To measure the final number of milliseconds, each image is rendered 500 times in a row. Then results are sorted. 5 best and 5 worst results are removed and the average time for the rest of 490 runs is calculated.

Clearing the destination pixel buffer before rendering is not included in time calculation, in all cases renderers get an already zero-filled destination. Path objects are created up front as well and not included in timing. All strokes in all test images are pre-converted to fills. All libraries are fed the same exact data containing only color fills. Only simple color fills and source-over blending is used since the goal is to test rasterization performance, not other features.

All images are rendered at 200% scale.

The numbers below are measured on machine with Apple M1 Max CPU with 10 cores. The times are in milliseconds. Lower is better.

Tiger, 960×1014 pixels, 301 layer.
Blaze	0.6ms
Blend2D	0.8ms
Skia	5.9ms
CoreGraphics	11ms

Periodic Table, 1630×964 pixels, 5942 layers.
Blaze	1.1ms
Blend2D	2.7ms
Skia	10.5ms
CoreGraphics	22.8ms

Boston, 1412×1264 pixels, 1695 layers.
Blaze	1.2ms
Blend2D	2.8ms
Skia	16ms
CoreGraphics	32ms

Paris-30k, 4222×3474 pixels, 50681 layers.
Blaze	18ms
Blend2D	47ms
Skia	190ms
CoreGraphics	390ms

Paragraphs, 1650×26158 pixels, 11253 layers.
Blaze	6ms
Blend2D	12ms
Skia	80ms
CoreGraphics	132ms

This rasterizer renders Paris-30k at almost constant 60 FPS at any scale at full screen on MacBook Pro with M1 Max. Or massive amounts of text at 120 FPS. Not bad for software rasterizer.

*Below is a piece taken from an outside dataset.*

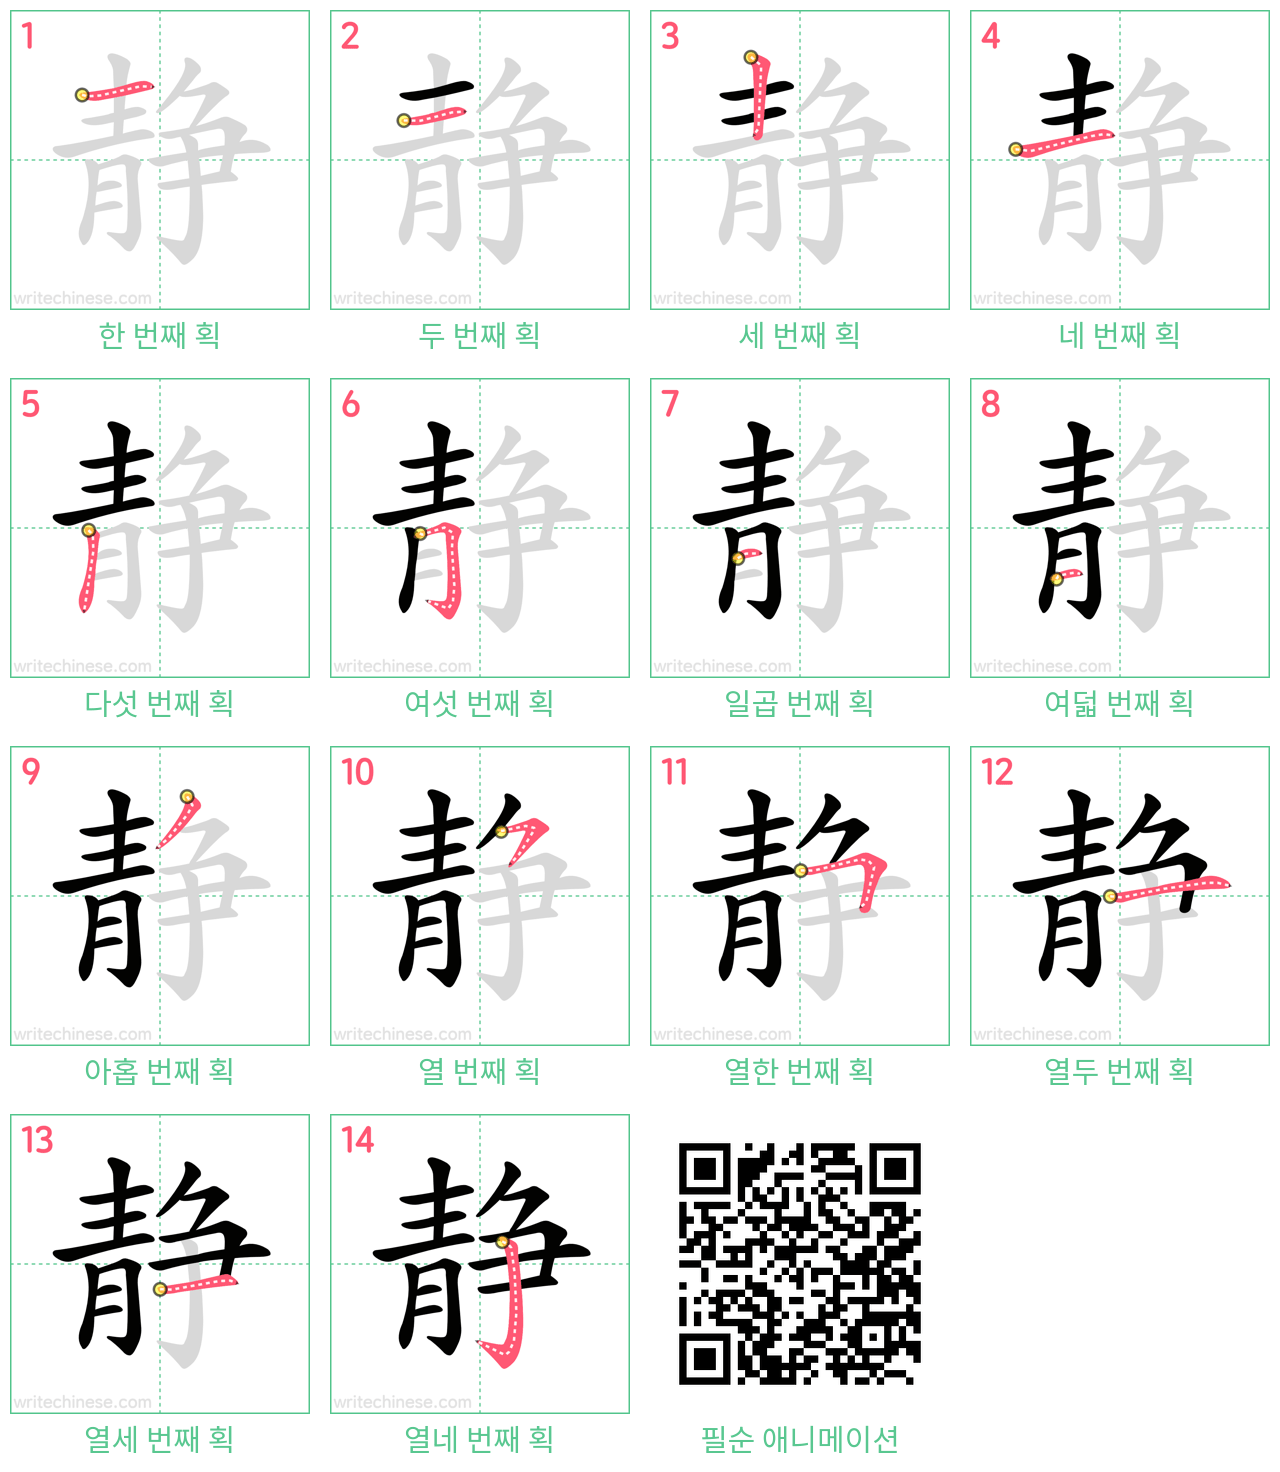 静 step-by-step stroke order diagrams
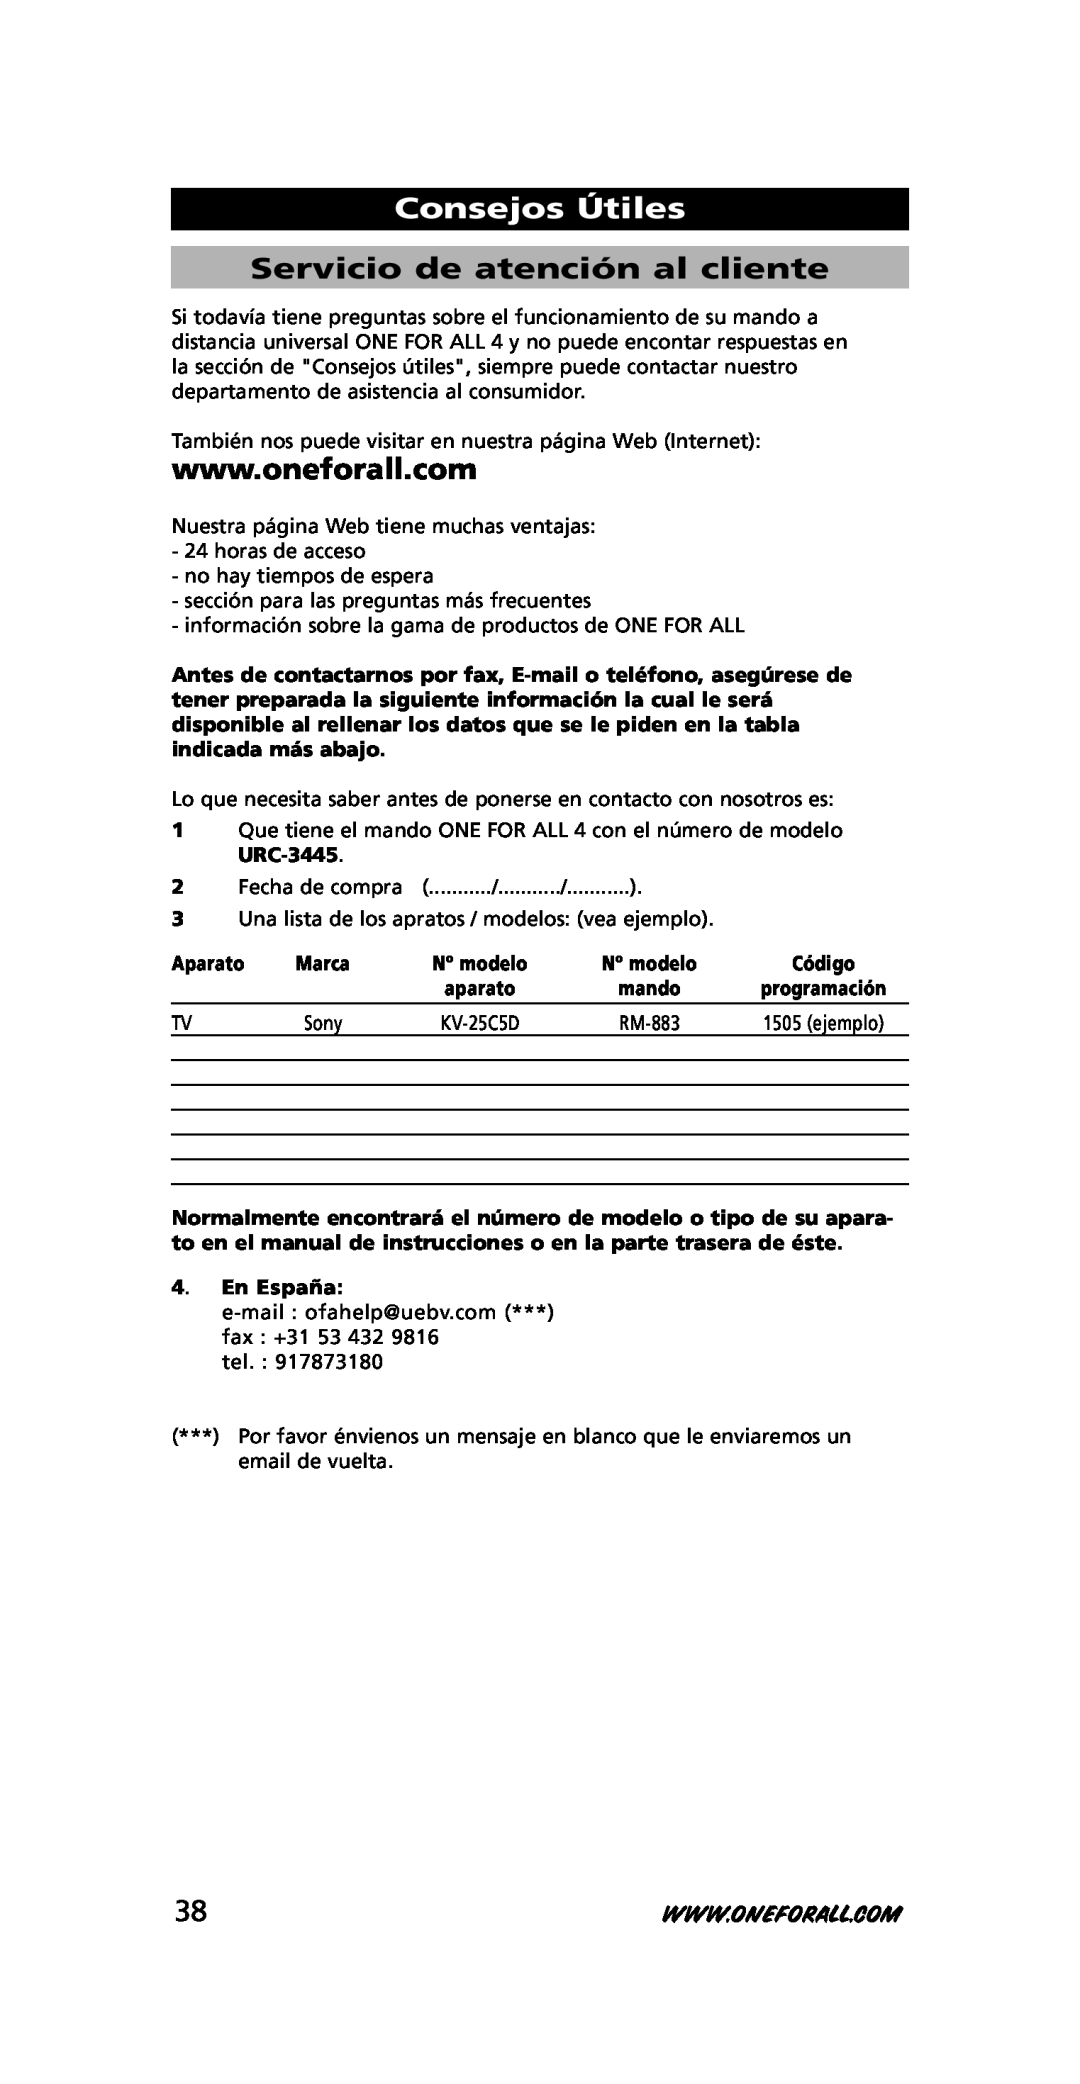 One for All URC-3445 instruction manual Consejos Útiles, Servicio de atención al cliente, Aparato, En España

A thing that did not work.

At first, my idea was to use a different method for the final stage. Segments were divided not into horizontal intervals, but small, 8×16 tiles. And scan was performed from top to bottom instead of from left to right.

At the rasterization stage, process would go as follows -

Start with the top most tile in the vertical interval.
Clear cover/area table. For 8×16 tiles it would be 8×16×2 amount of 32 bit integers.
Rasterize all segments for that tile.
Run cover value accumulator from top to bottom for that tile while calculating alpha values for all pixels.
Proceed to the next tile below it.
If the tile has no segments, fill it according to the last accumulation of cover values since the last tile.

Why top to bottom scan? Because it is SIMD-friendly. You can load four or eight cover values at once, add with previous row, add to area and apply fill rule without reverting to scalar instructions. And blending of such tiles is SIMD-friendly as well.

However, the performance numbers were not that great. 20-30% slower than the current implementation. In most cases, even tiny tiles like that are rarely dense. Usually, even at lower zoom levels, they do not contain enough segments to intersect the majority of pixels. So typically, the rasterizer operates on blocks containing mostly zeroes. And clearing of tiles before rasterization did show up in the profiler as well.

A few final words.

This rasterizer performs best when rendering larger images. Anything smaller than about 50×50 pixels and less than 30-50 layers is not likely to be rendered faster using this rasterizer compared to traditional rasterizers.

Despite being really fast for simple solid color fills, CPU-based rasterizer would become slow very quickly with more diverse input. Radial gradients, fancy blending modes, effects that involve blur and complex masking are only a few examples of things that have potential to drag performance down to “not interactive anymore” level. Some things are better suited for GPUs.